India’s economic growth is showing signs of revival with pick-up in lending and recovery in the automobile sector, a top government official said insisting that the slump in GDP growth has bottomed out.
India’s economic growth in April-June hit a six-year low of 5 per cent and there were signs that expansion may not have picked up substantially in the subsequent quarter. But with the onset of festival season in October, there are signs of a revival.
Between October 1 and 9 alone, about Rs 81,000 crore has been extended as loans, the official said adding that the lending momentum has only picked up in the following weeks.
Also, festival buying has revived automobile sales with demand for cars showing signs of coming back.
The official rejected the reasons cited by Moodys Investors Service for revising downwards its outlook for India’s rating to negative from stable, saying there was no need for a revision when the economic activity is showing signs of picking up.

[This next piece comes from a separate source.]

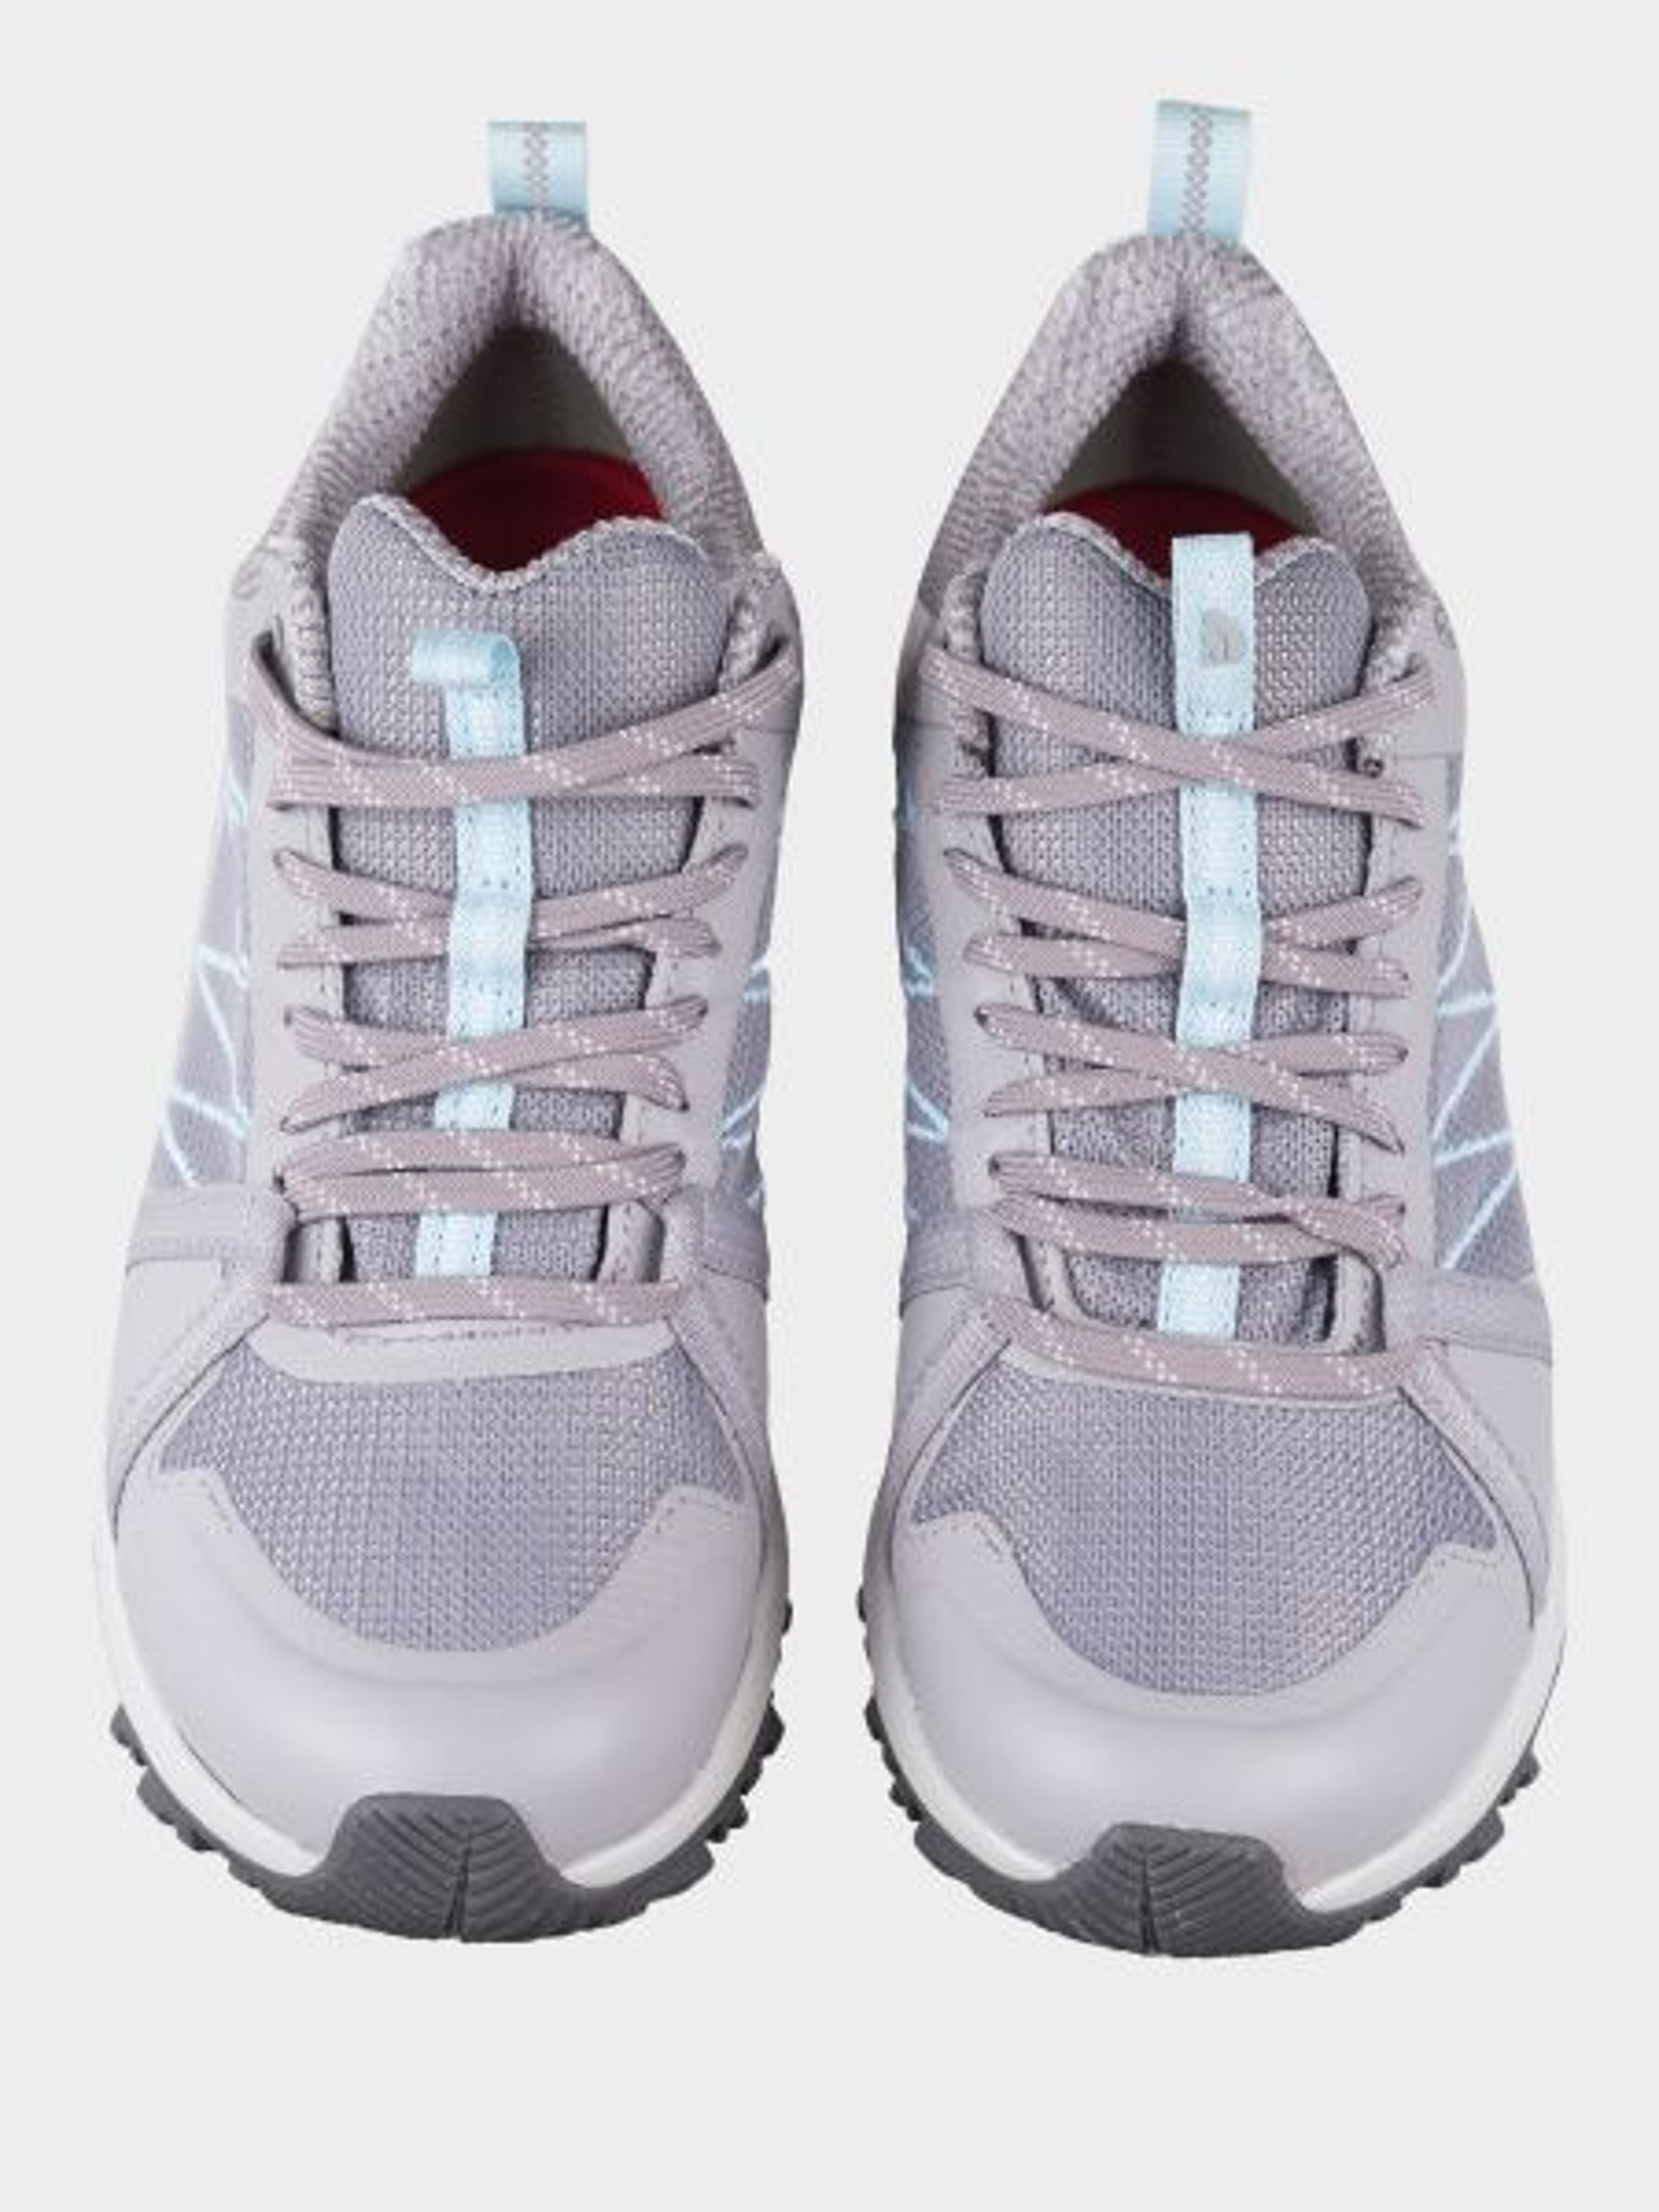 Кроссовки женские The North Face Litewave Fastpack II GTX NO9784 обувь бренда, 2017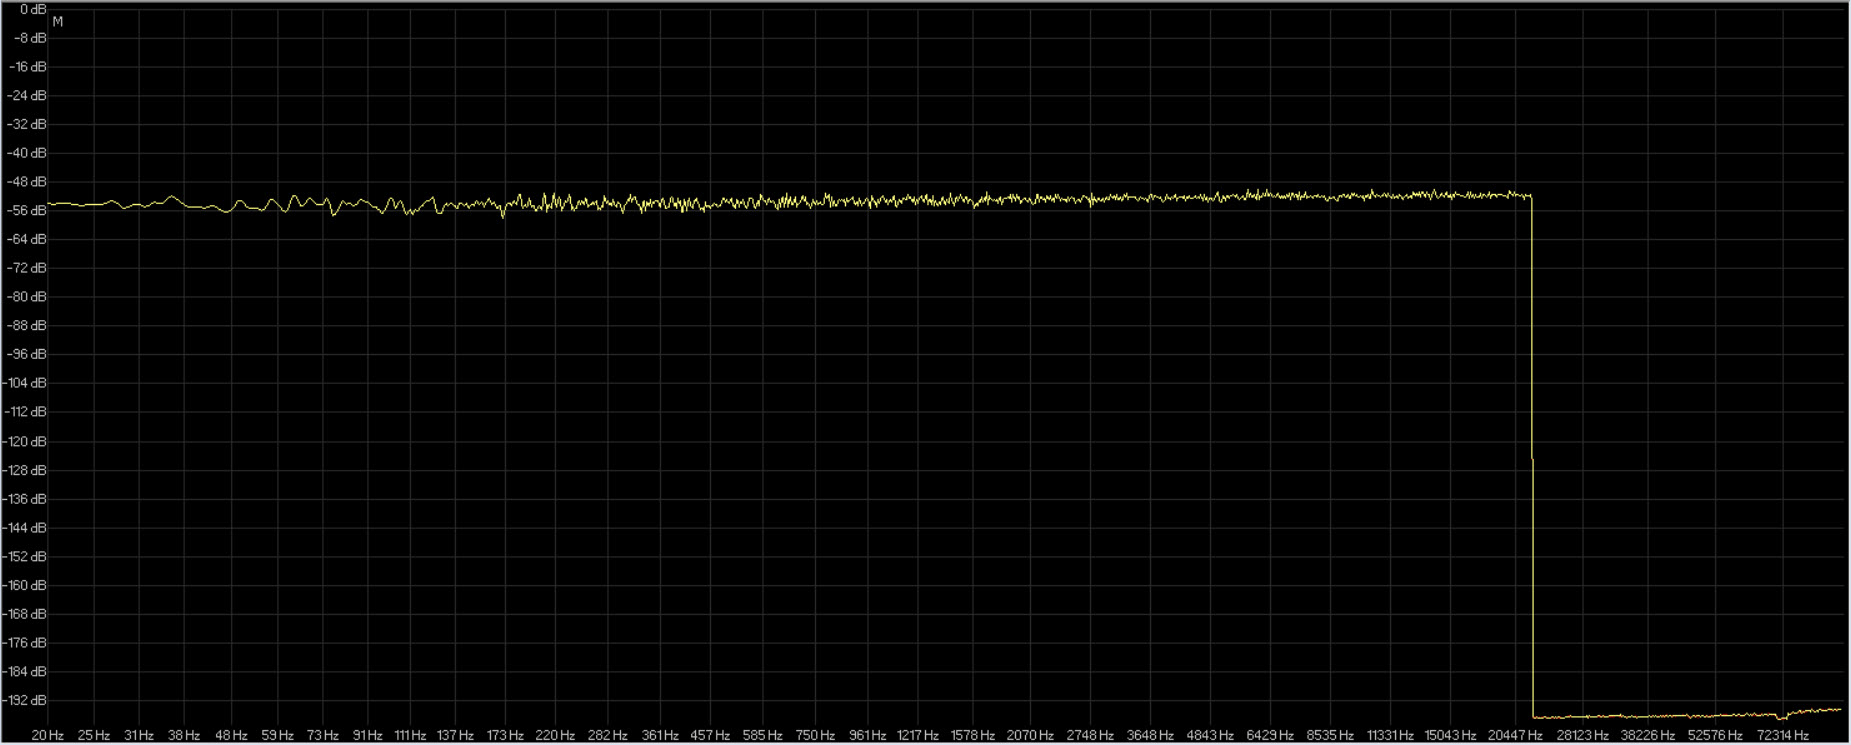 rumore bianco 16-44.1 dbpoweramp ( giallo ) rx5 ( rosso ).jpg

Moodys has cited continued slowdown for its action – the first step towards a rating downgrade.
The official said the government has been sensitive to the concerns of all sectors and has been proactively taking measures to address them.
The attempt has been to revive investment and address liquidity concerns by mandating compulsory release of funds to MSME with a stipulated timeframe, the official said.
On India’s decision not to join the 16-nation free trade block, the top official said New Delhi already has free trade agreements with top ASEAN nations and some other leading trade partners of RCEP.
The Modi government, the official said, would not compromise on the national interest and would not join RCEP till it is titled against it.